The $200 per day (January, February, June, July, August) and $250 per day (March, April, May, September, October, November) package includes a minimum of 3 star accommodations, costs for food, an experienced guide and transportation within the country. Also included in the price is a $65 per day Sustainable Development Fee that goes towards free education, free healthcare and poverty alleviation. All of these services will be arranged by your tour operator.  

7. What currency is used in Bhutan?

Bhutanese currency is known as the Ngultrum. Its value is tied to the Indian Rupee which is widely accepted in the country. 

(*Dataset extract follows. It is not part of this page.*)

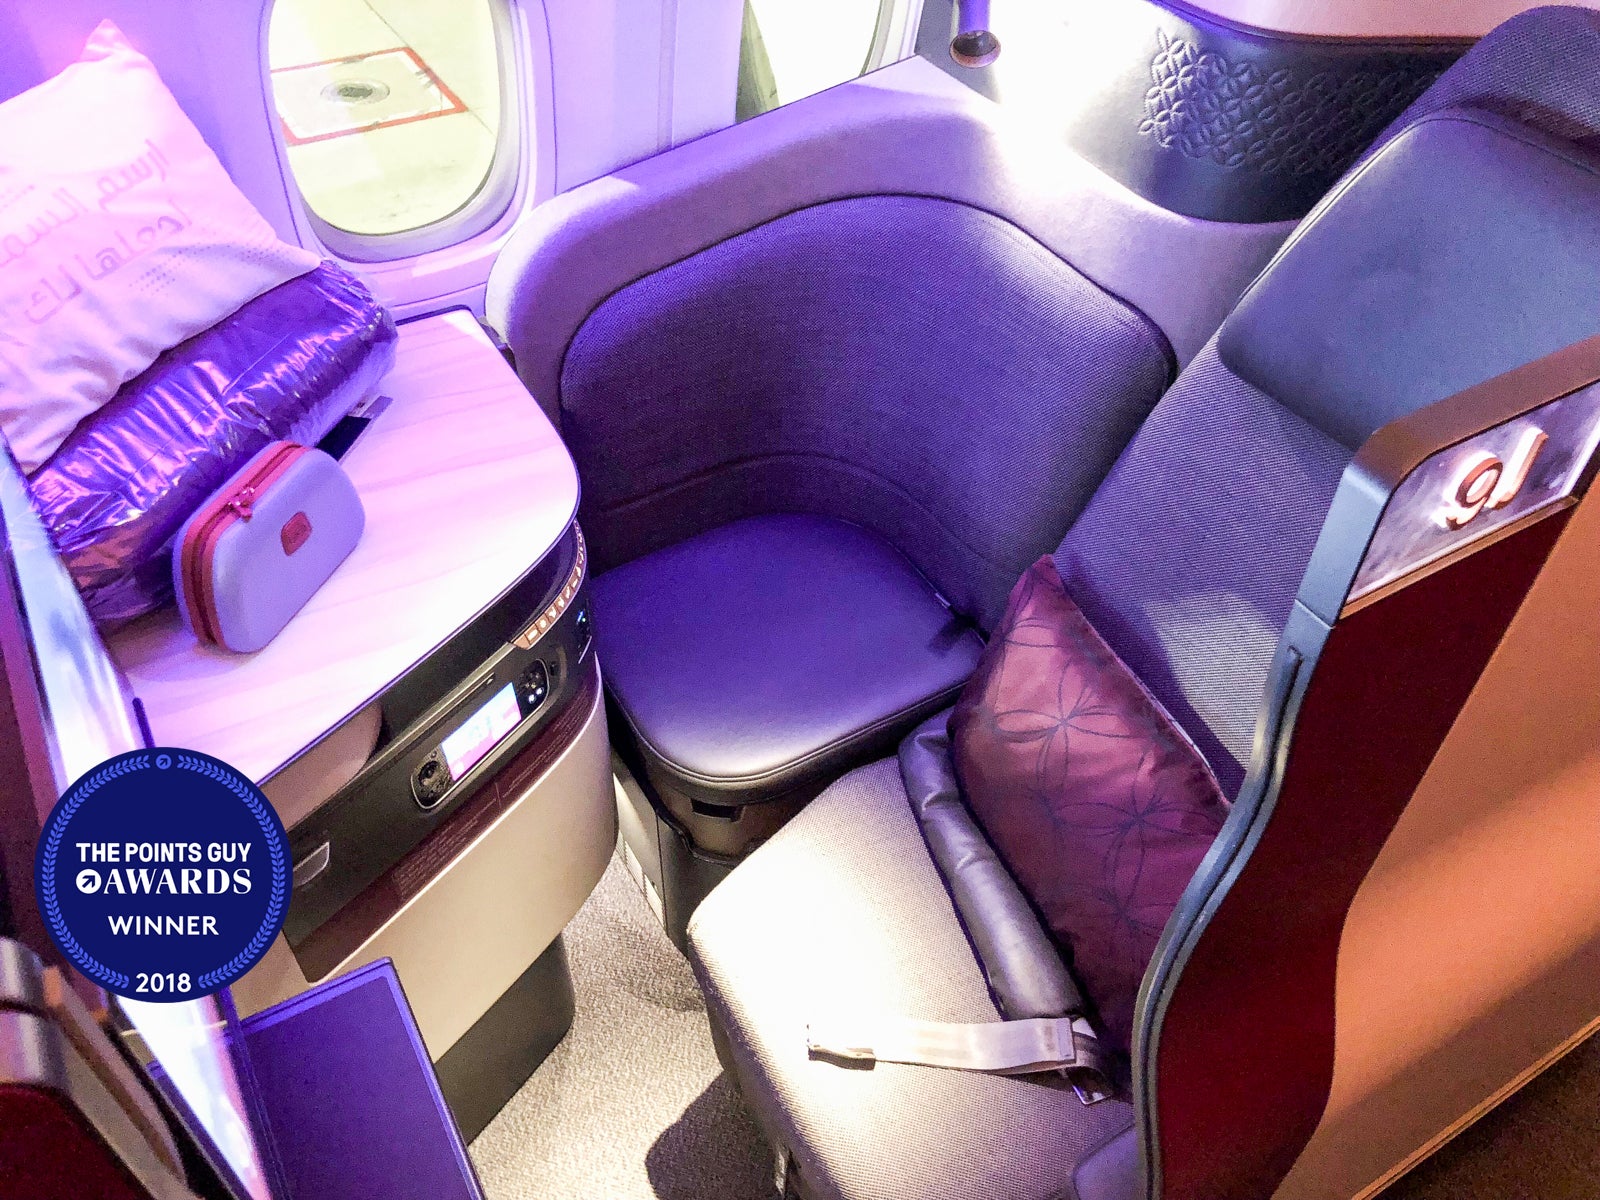 REVIEW: This isn't any short haul flightthis is a Qatar Airways

8. Is there a limit on the number of tourists that can enter Bhutan each year?

There is no limit on the number of tourists allowed to visit in a year. In order to protect our culture, traditions and natural environment, the government has adopted a unique policy of “High Value, Low Impact ”. This policy is aimed at attracting discerning tourists that will respect the unique culture and values of the Bhutanese people while also providing the visitors with an unforgettable one of a kind experience.  

9. What’s the food like in Bhutan?

The most distinctive characteristic of Bhutanese cuisine is its spiciness. Chillies are an essential part of nearly every dish and are considered so important that most Bhutanese people would not enjoy a meal that is not spicy.  

Rice forms staple Bhutanese diet. It is accompanied by one or two side dishes consisting of meat or vegetables. Pork, beef and chicken are consumed most often. A wide selection of western and Indian food is also available in many of the restaurants around the country.